Ben was up the flight of stairs in the next instant. In spite of the reassurance that the men who would eagerly kill him if they found him in this house weren’t here, there was no telling when any of them might return. He almost slid to a stop in front of the third door and rammed the key into the lock.
Ben opened the bedroom door without making a sound but then let out a noise louder than the servant had when she’d first seen Ben. Although this sound wasn’t a shriek of terror but more a roar of fury. Zoey lay crumpled in the middle of the large bedroom, on the floor. Her clothes were almost completely torn from her body. It looked as if she’d been whipped with a belt. There were bruises and cuts that had come from another object as well.
Her long, beautiful black hair was matted with dried blood. Zoey’s face was bruised and cut almost beyond recognition. Ben was sick as he rushed into the room and slid to his knees.
“Don’t worry, sweetheart. I’m going to get you out of here. I’m never leaving your side again, and if I have to kill the asshole myself, I swear to you that you’ll never see Cortez again.”
Zoey didn’t say a word.
Chapter Seventeen
Angel knew Wolf wasn’t telling her the whole story. She hung up the phone and stared at it for a moment. All Wolf had said was that he was taking Ben and Zoey to the hospital and he’d be back to the store soon. There had been stress in Wolf’s voice when she’d talked to him on the phone after Ben parked his rental behind her store, an urgency in the way he spoke that had left Angel antsy. In his phone call just now he had sounded calm, too damn calm.
Walking around the rental car that Ben had parked behind her store, she hopped in her car and started the engine. It was still raining. Heavy downpours like the one earlier sent everyone home. Downtown became a ghost town. Angel hadn’t seen the point in keeping the store open and had looked forward to spending the afternoon and evening with Wolf. Obviously, that hadn’t worked out.
She pulled out of the alley and onto the road, not surprised that there wasn’t a car around, in spite of it being late afternoon. Her automatic headlights came on when she accelerated. The thick, overcast sky would make it dark earlier than usual tonight. Angel forced herself not to dwell on how her evening could have been.
Zoey was hurt. Wolf didn’t have to tell her for her to know. Angel didn’t have to ask how or why. She would have liked to know, however, how badly. A few details would have been nice. Obviously, it was bad enough that Wolf was taking her to the hospital. Angel accelerated just over the speed limit, not wanting to give any of the cops in Zounds reason to pull her over. There were enough of them already on Cortez’s payroll.

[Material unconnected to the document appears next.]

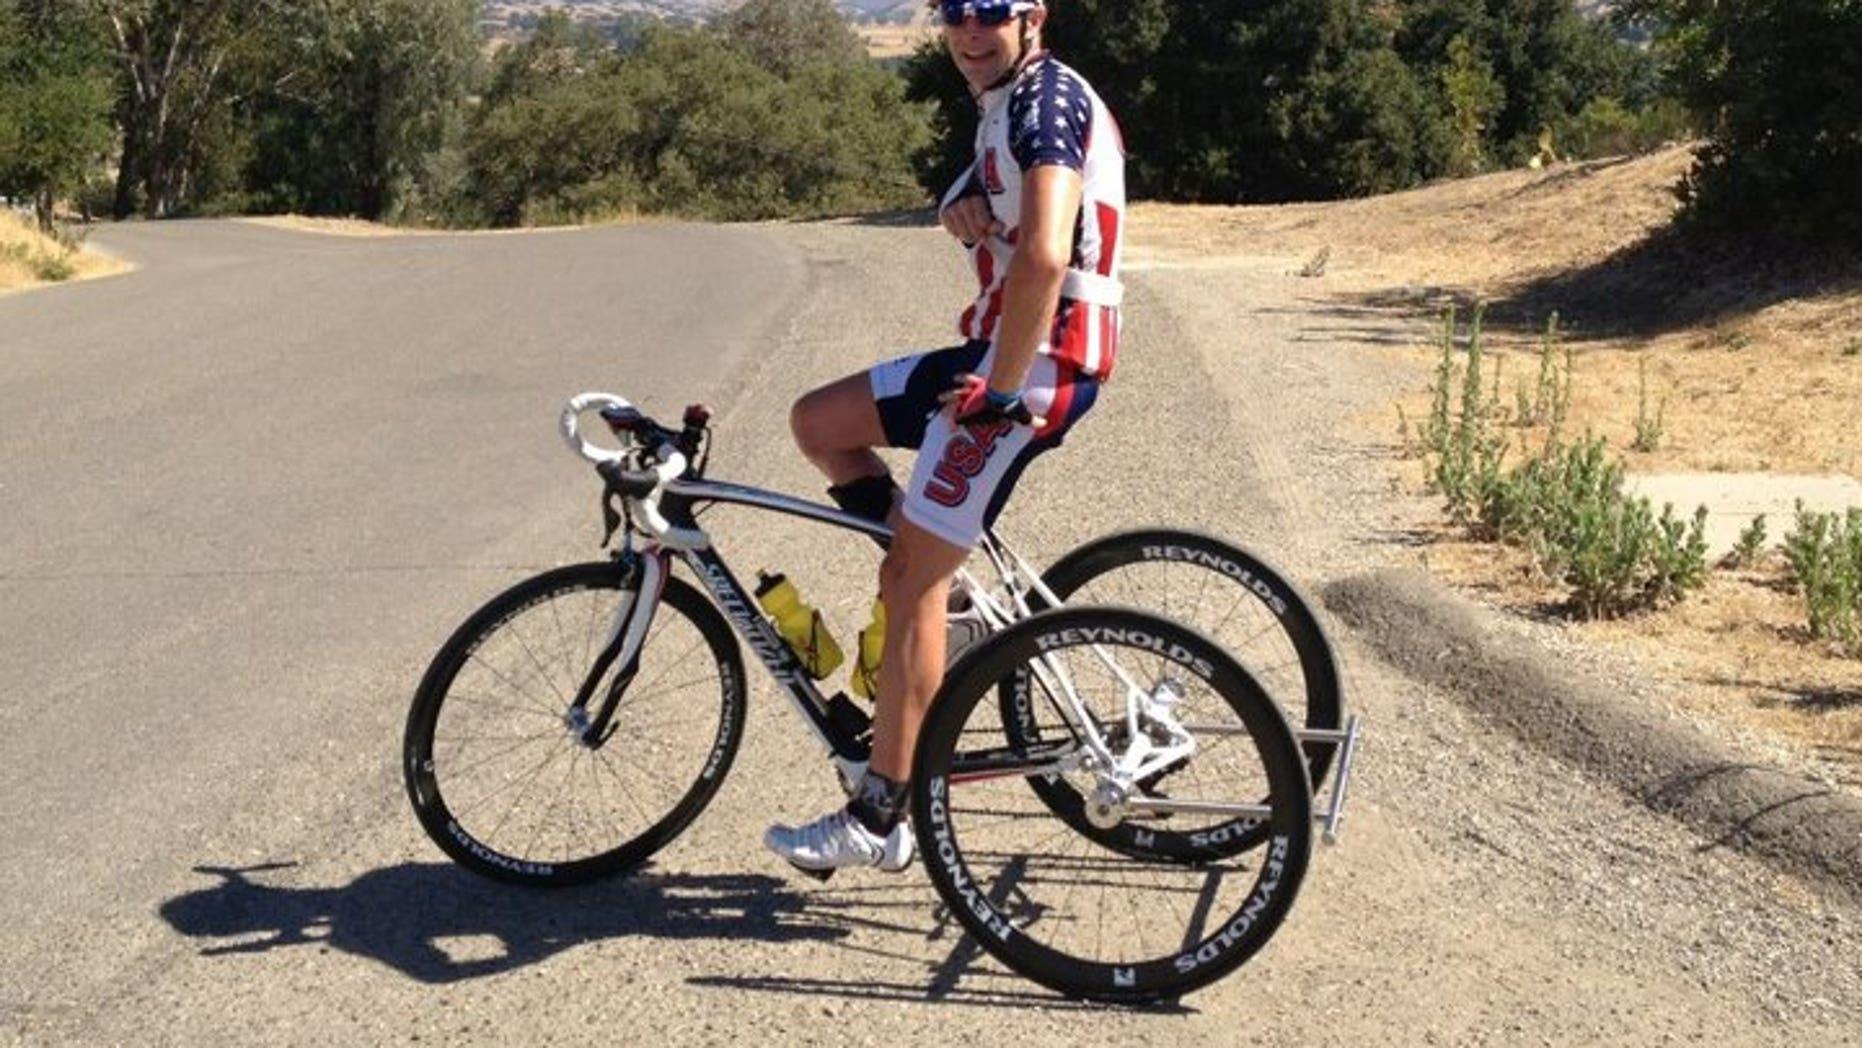 Steven Peace on his bike.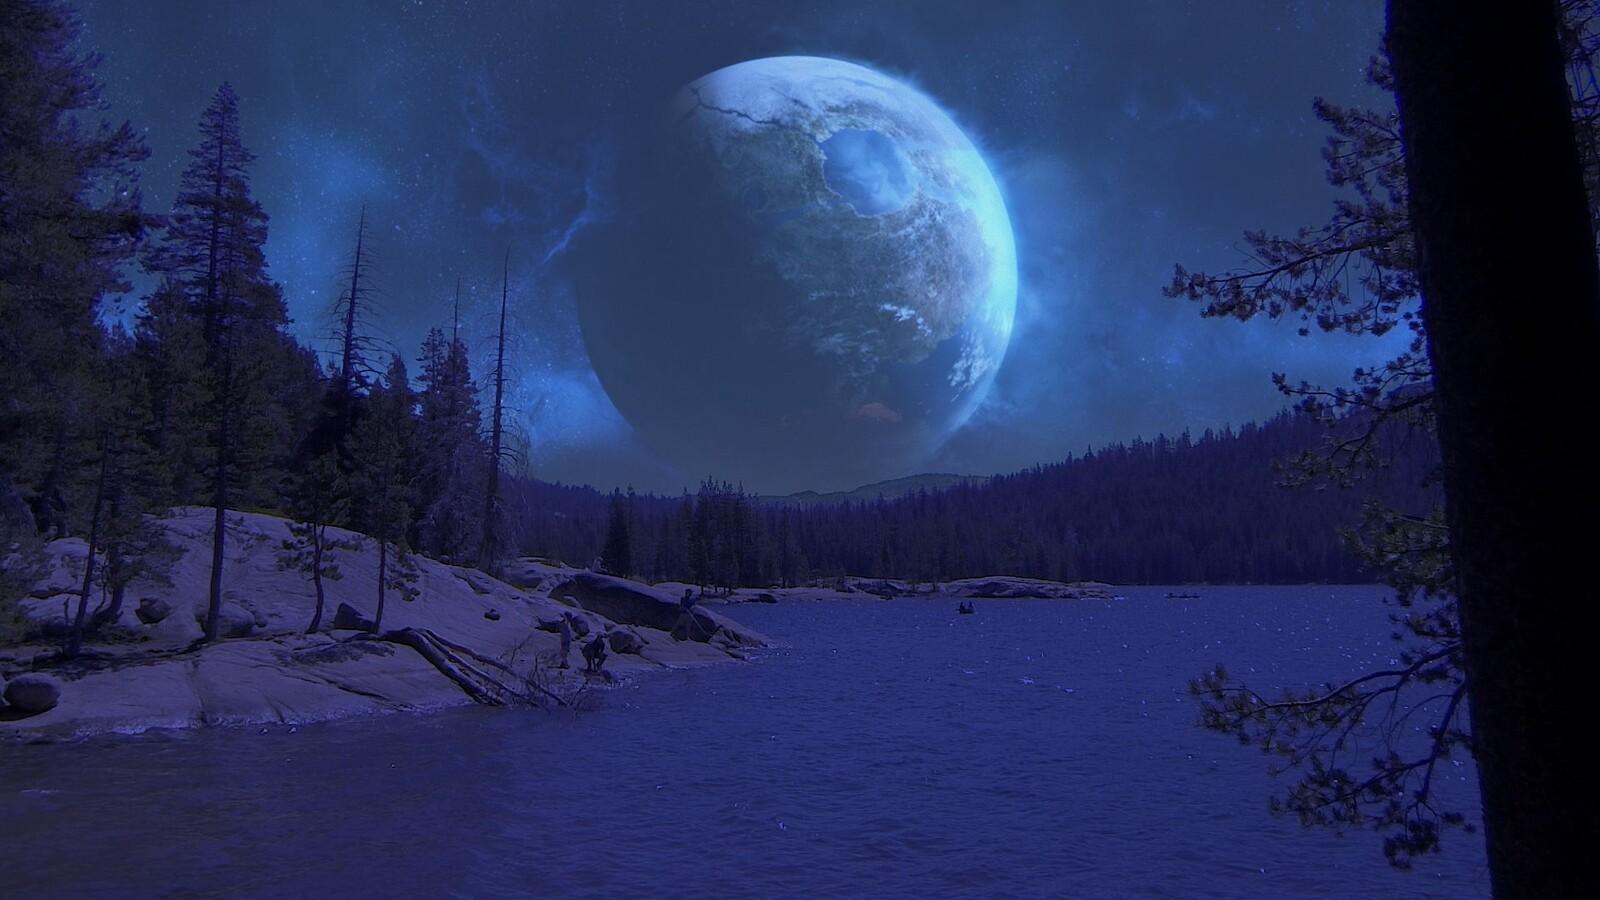 Made by Joseph Forthun using VFX in Blender

It would only take a few minutes to get to the small hospital. Angel worried about Zoey, but her thoughts were also distracted by Wolf. She thought about it as she sat at a red light, the small hospital in sight. She’d known Wolf just under two weeks now. In that short time their relationship had flown off the charts. All charts. Sexual and emotional. God, just thinking about the sex, the many places they had fucked in the past two weeks, took all chill out of the air. The emotional part, well, that wasn’t quite as easy to figure out. It might have been better if she had kept it just sexual. But damn it, the man had crawled under her skin.
Angel really liked Wolf a lot. It was more than him being so handy around her store. They just worked well together, like a perfect fit. She and Wolf would talk to each other all day in between customers. If she got busy, the moment there was a lull in business, he’d pick up the conversation right where they’d left off. It was as if he really enjoyed her company and couldn’t wait for the next opportunity to spend time alone with her. Should she focus on training Wolf to not run out the door when someone called?